I am sure you are wondering how I am going to pull this recipe off. I mean the four ingredients in the title are all delicious options… by themselves… But combining them? That’s just madness.
Well then, welcome to my mad world or, shall I say, kitchen? Either way, I oddly recall making this recipe this past fall while I was on my contest prep diet where I closely abided by a strict diet. Knowing my allotted macros and which ‘clean’ ingredients I could work with, I came up with this dish.
This is a very well-rounded breakfast that is packed with 20 grams of protein, 21g of carbs, and 7g of fat . It’s yet another new way to eat your eggs. Whether you eat this as breakfast in the morning, or as a warm treat in the evening, I can guarantee it will help curb your sweet tooth, fill (and trim) your tummy and fuel your muscles.

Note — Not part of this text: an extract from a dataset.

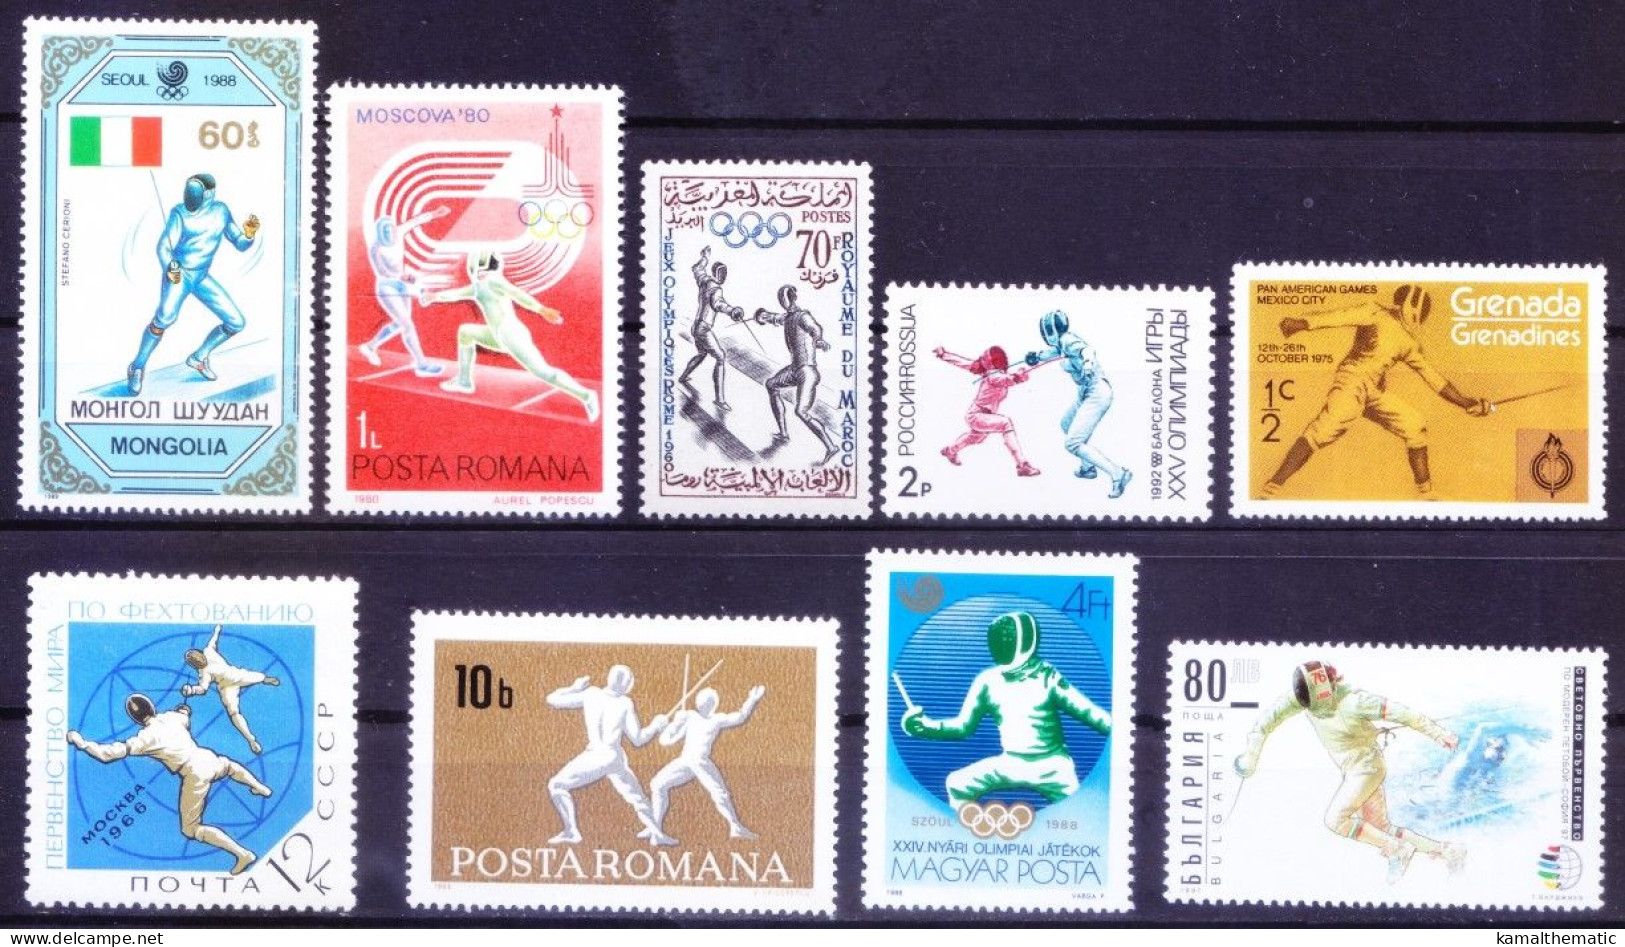 Fencing, Sword Fighting, Sports, Olympic, 9 Different MNH Stamps - Fencing

Almond Butter Pumpkin Apple Eggs
- 4 Egg whites
- ½ apple (diced, my favorite is always honey crisp)
- ¼ cup Pumpkin puree
- 1 tbsp Almond Butter
- 1 tbsp Almond milk (unsweetened)
- 1/4 tsp Pumpkin spice
- 1/4 tsp Cinnamon
- 1/8 tsp Ground ginger
- 2-3 drops Liquid Stevia (or honey)
Whisk egg whites in bowl. Microwave for 1.5 minutes or until almost done.
Remove from microwave and stir in the remaining ingredients. Microwave for 30-60 seconds.
Let cool slightly so you don’t scold your mouth (like I did), and enjoy!